Unique Combinations of Known Components Can be Trade Secrets

Trade secrets can be unique combinations of disclosed technologies or processes.

A trade secret “is one of the most elusive and difficult concepts in the law to define.”  Tewari De-Ox Systems, Inc. v. Mountain States/Rosen, L.L.C., 637 F.3d 604, 613-14 (5th Cir. 2011).  In Tewari, the trial court ruled that the plaintiff did not have any trade secrets because the specifics of its claimed secret process had already been publically disclosed or were know in the industry.  The Fifth Circuit, however, disagreed and ruled that whether plaintiff’s process was a trade secret was a question for the fact finder to decide.  In many cases, the question of whether certain information constitutes a trade secret ordinarily is best “resolved by a fact finder after full presentation of evidence from each side. . . .  A trade secret can exist in a combination of characteristics and components each of which, by itself, is in the public domain, but the unified process, design and operation of which in unique combination, affords a competitive advantage and is a protectible secret."  Tewari De-Ox Systems, Inc. v. Mountain States/Rosen, L.L.C., 637 F.3d 604, 613-14 (5th Cir. 2011)(citations omitted).

Friday, March 1, 2013

Personal Jurisdiction Requires "Minimum Contacts"

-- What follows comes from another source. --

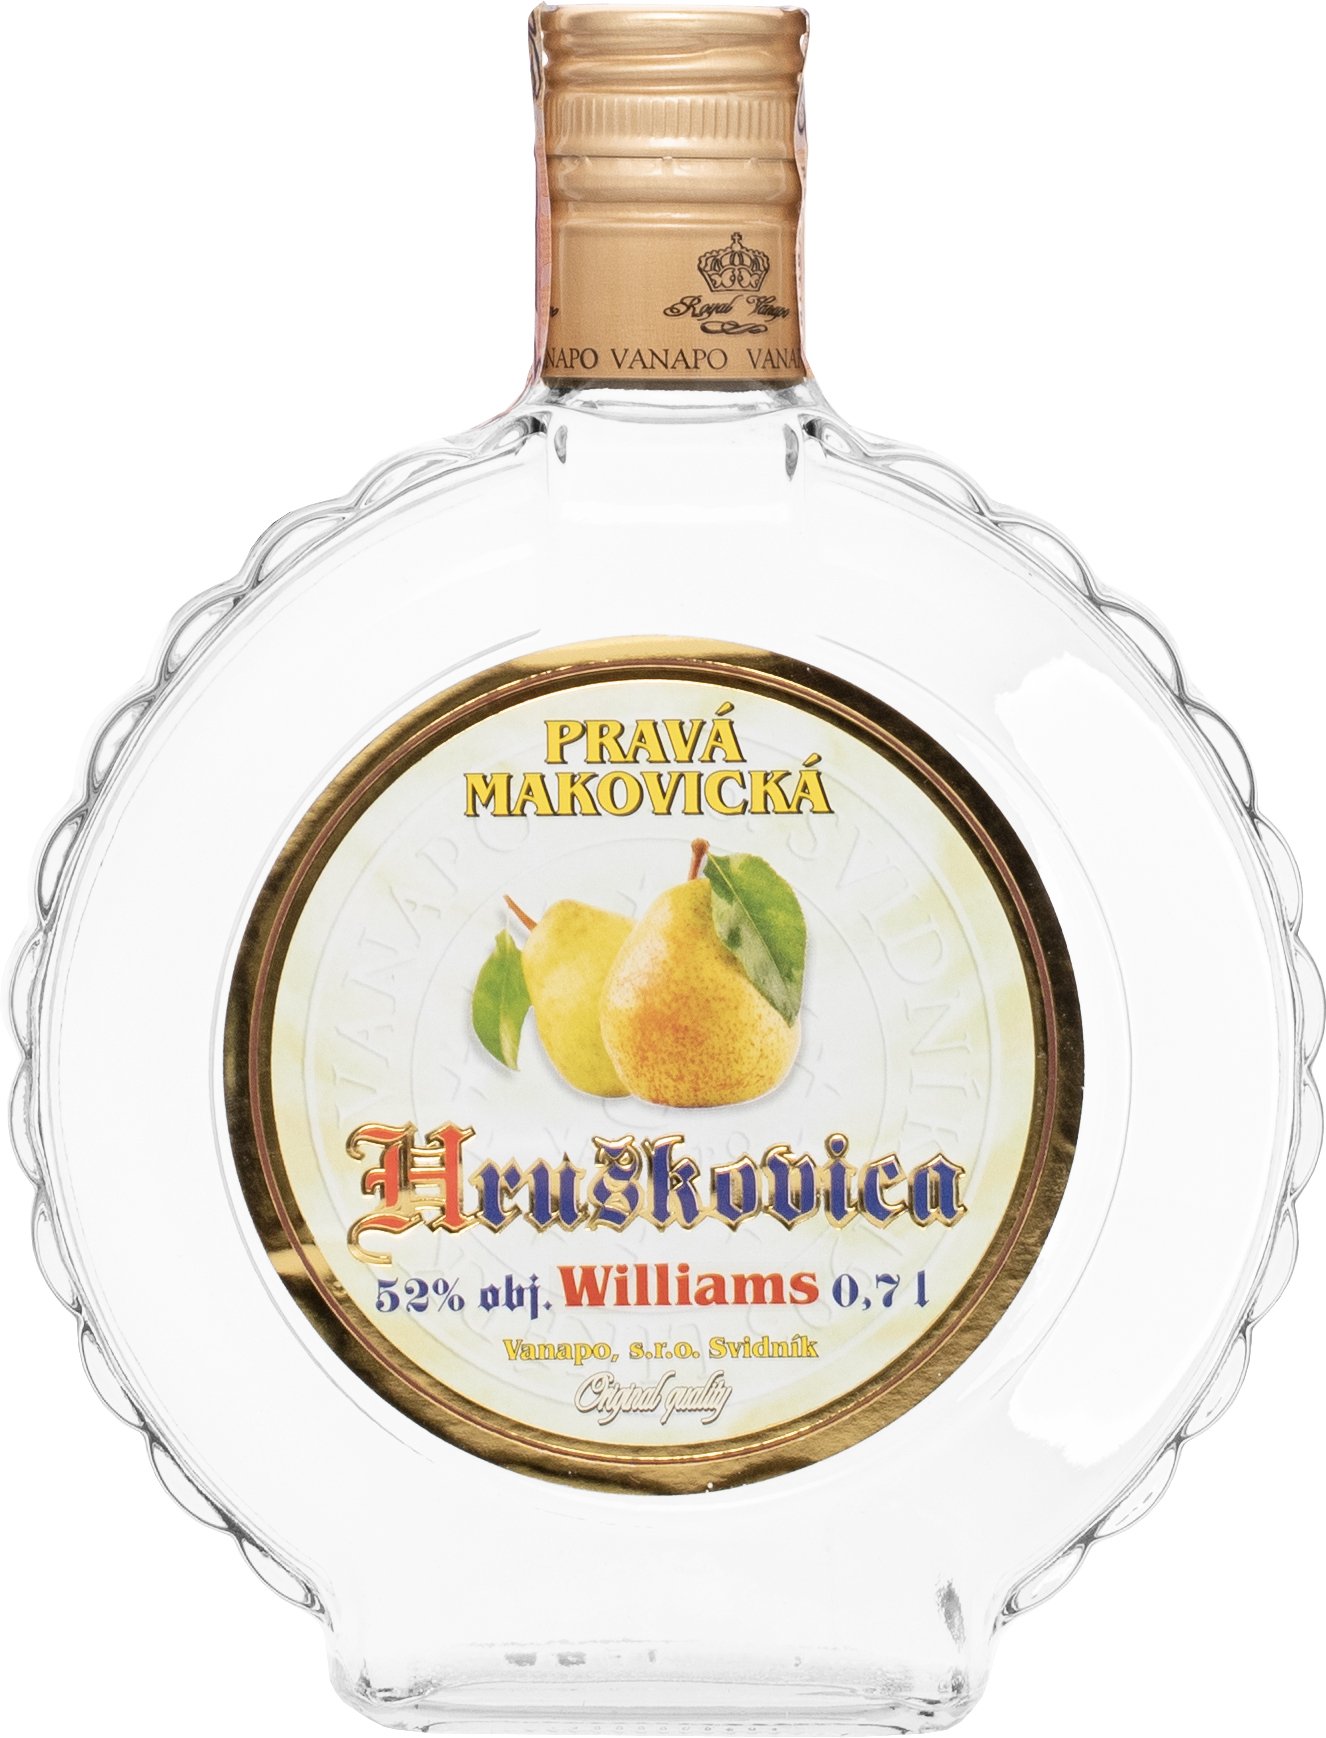 Vanapo Hruškovica Pravá Makovická 52% 0,7l

Can my company be sued in Texas even though its offices are located in a different state?

Of course, a person (and in the eyes of the law, a company is a person for most purposes) can be sued anywhere, but if the person being sued, the nonresident defendant, does not have a sufficient relationship with the state where it is being sued, the court will not have “personal jurisdiction” over the defendant and the lawsuit will be subject to being dismissed for lack of personal jurisdiction.  Generally in Texas federal courts, the party who filed the lawsuit, the plaintiff, bears the burden of establishing that the nonresident defendant has contacts with Texas sufficient to invoke the jurisdiction of the federal court located in Texas.  The plaintiff can meet that burden by making “a prima facie showing” that nonresident defendant has purposefully availed itself of the benefits and protections of Texas by establishing ‘minimum contacts’ with Texas.   A court’s exercise of personal jurisdiction over a non-resident defendant comports with constitutional due process requirements when (1) the defendant “purposefully availed” itself of the benefits and protections of the forum state by establishing “minimum contacts” with that state, and (2) the exercise of personal jurisdiction does not offend traditional notions of “fair play and substantial justice.”  See Moncrief Oil Int'l., Inc. v. OAO Gazprom, 481 F.3d 309, 311 (5th Cir. 2007).  Both prongs must be satisfied in order for a court to exercise personal jurisdiction over the defendant.  If the plaintiff makes a prima facie showing of minimum contacts, then the burden shifts to the defendant to show that the court’s exercise of jurisdiction would not comply with “fair play” and “substantial justice.”  See Freudensprung v. Offshore Technical Servs., Inc., 379 F.3d 327, 343 (5th Cir. 2004).  In making a fundamental fairness determination, a court must examine: (1) the burden on the defendant; (2) the forum state’s interests; (3) the plaintiff's interest in convenient and effective relief; (4) the judicial system’s interest in efficient resolution of controversies; and (5) the states’ shared interest in furthering fundamental social policies.  See Stroman Realty, Inc. v. Wercinski, 513 F.3d 476, 487 (5th Cir. 2008).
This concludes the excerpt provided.